- Born: Somerset, England
- Died: 1689
- Resting place: St Peter's Church, Tiverton
- Other name: Theophilus Polwheile
- Education: Emmanuel College, Cambridge (BA, MA)
- Occupations: Minister, author
- Children: Elizabeth, possibly E. Polwhele

= Theophilus Polwhele =

Theophilus Polwhele or Polwheile (died 1689) was an English ejected minister.

==Life==
From a Cornish background, Polwhele was born in Somerset. He entered Emmanuel College, Cambridge, as a sizar, on 29 March 1644, and had William Sancroft as a tutor, He graduated B.A. in 1648, M.A. in 1651.
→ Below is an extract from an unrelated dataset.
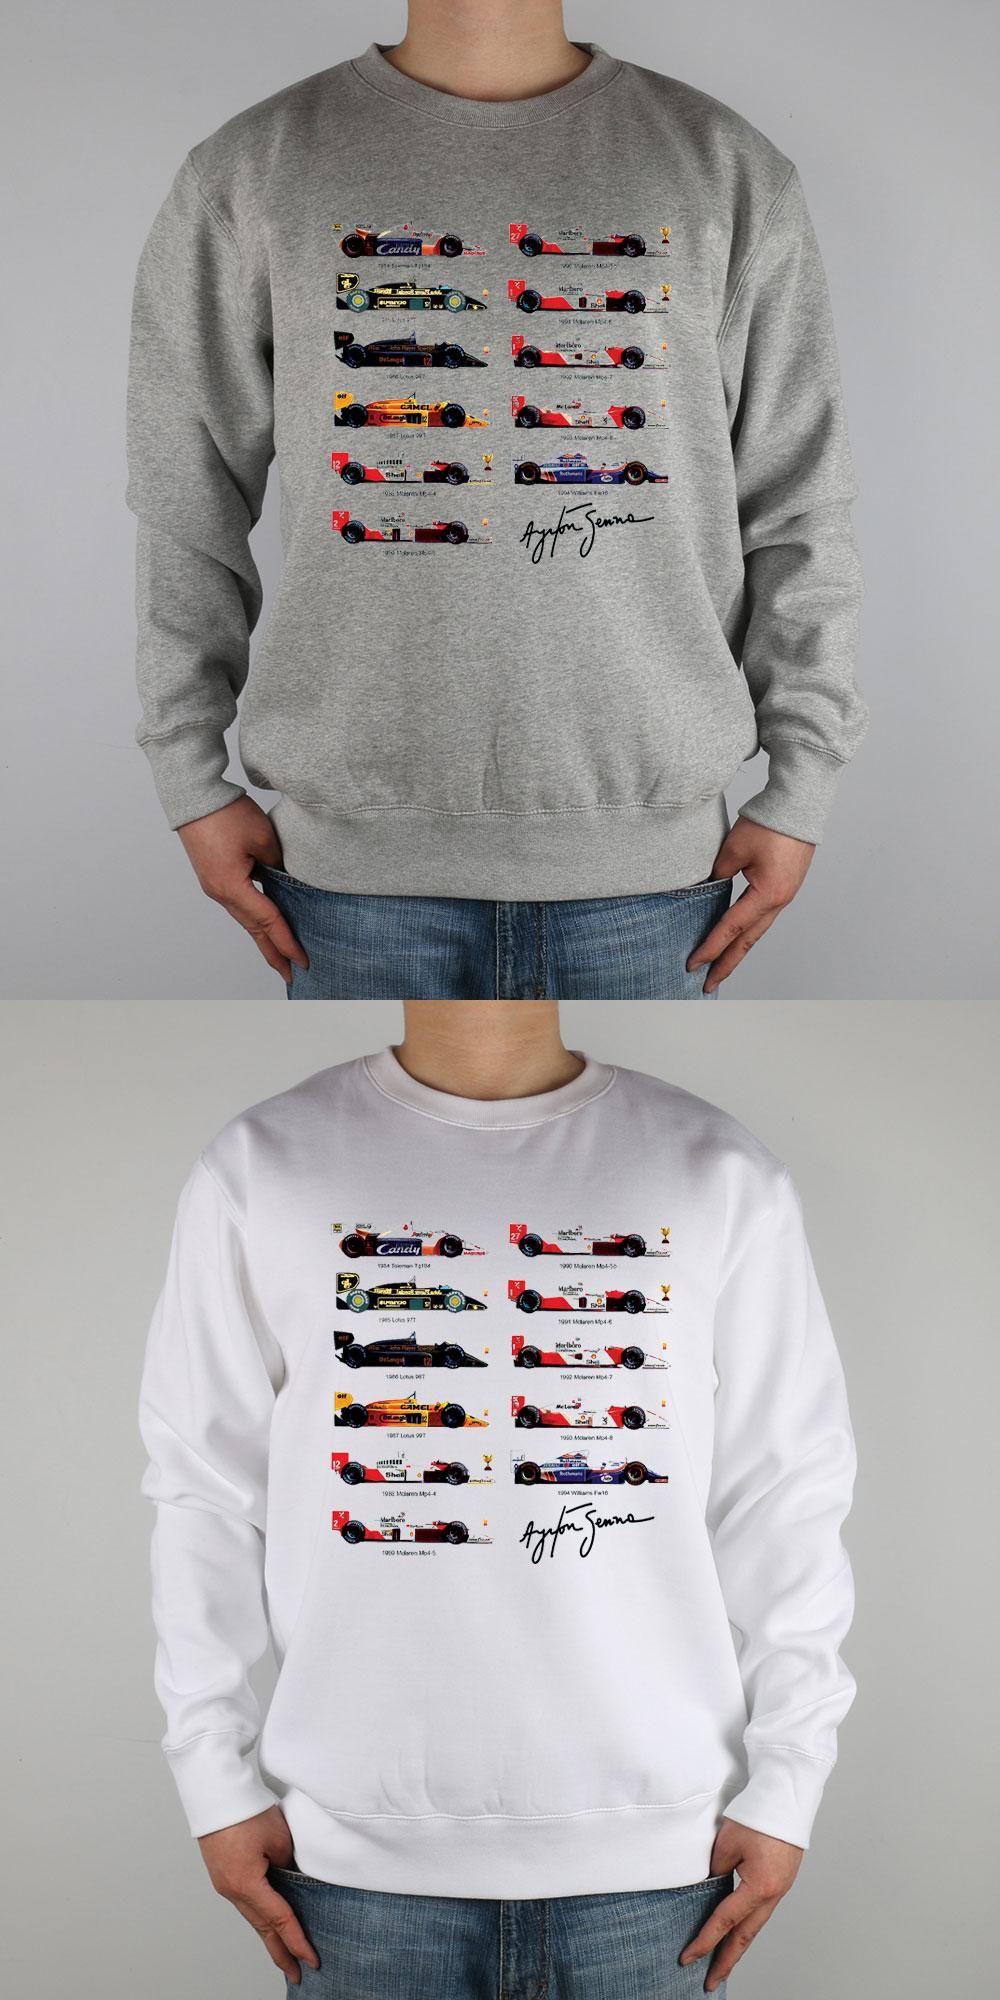 36eb46ab942 All F1 Ayrton Senna sennacars Sweatshirts Thick Combed Cotton ...

In 1649 Polwhele became minister at Langton Long Blandford in Dorset, staying there until 1651. He then was preacher at Carlisle until about 1655. In 1654 he was a member of the committee for ejecting scandalous ministers in the four northern counties of Cumberland, Durham, Northumberland, and Westmorland. From that year until 1660, when he was driven from the living, he held the rectory of the portions of Clare and Tidcombe at Tiverton.
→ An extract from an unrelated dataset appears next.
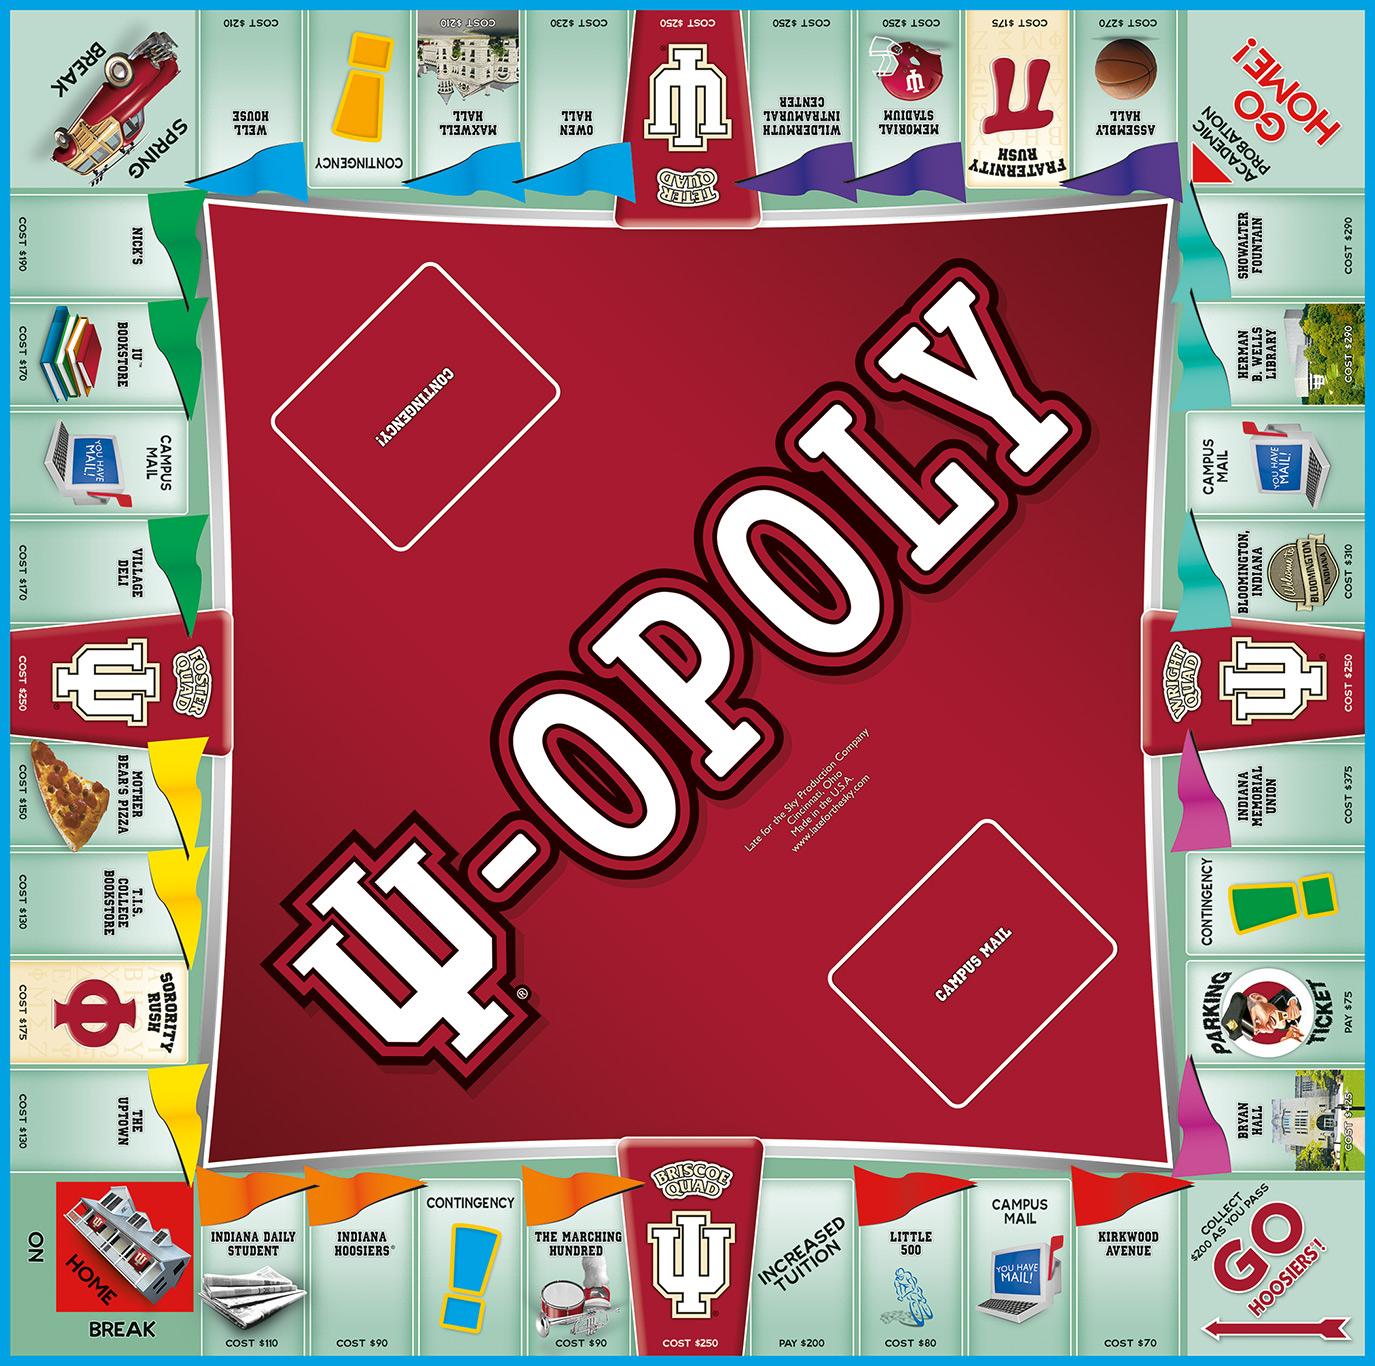 IUOPOLY Board Game

Polwhele sympathised with the religious views of the Independents, and from the Restoration of 1660 he was often in trouble for his religious opinions. On the 1687 Declaration of Indulgence, the Steps meeting-house was built at Tiverton for the members of the Independent congregation; he was appointed its first minister, with Samuel Bartlett as assistant. He was buried in the churchyard of St Peter's Church, Tiverton, on 3 April 1689.

==Works==
Polwhele was the author of:

- Aὐθέντης, or a Treatise of Self-deniall, 1658; dedicated to the mayor, recorder, and corporation of Carlisle. There was a preface by his friend Ralph Venning.
- Original and Evil of Apostasie, 1664.
- Of Quencing the Spirit, 1667.
- Choice Directions how to serve God every Working and every Lord's Day, 1667; published by Thomas Mall as an addition to his ‘Serious Exhortation to Holy Living.’
- Of Ejaculatory Prayer, 1674; dedicated to Thomas Skinner, merchant in London, a supporter.

==Family==
Polwhele's wife was a daughter of the Rev. William Benn of Dorchester. Their daughter Elizabeth married Stephen Lobb. It has been said that she may be the playwright "E. Polwhele", a contemporary of Aphra Behn and Frances Boothby.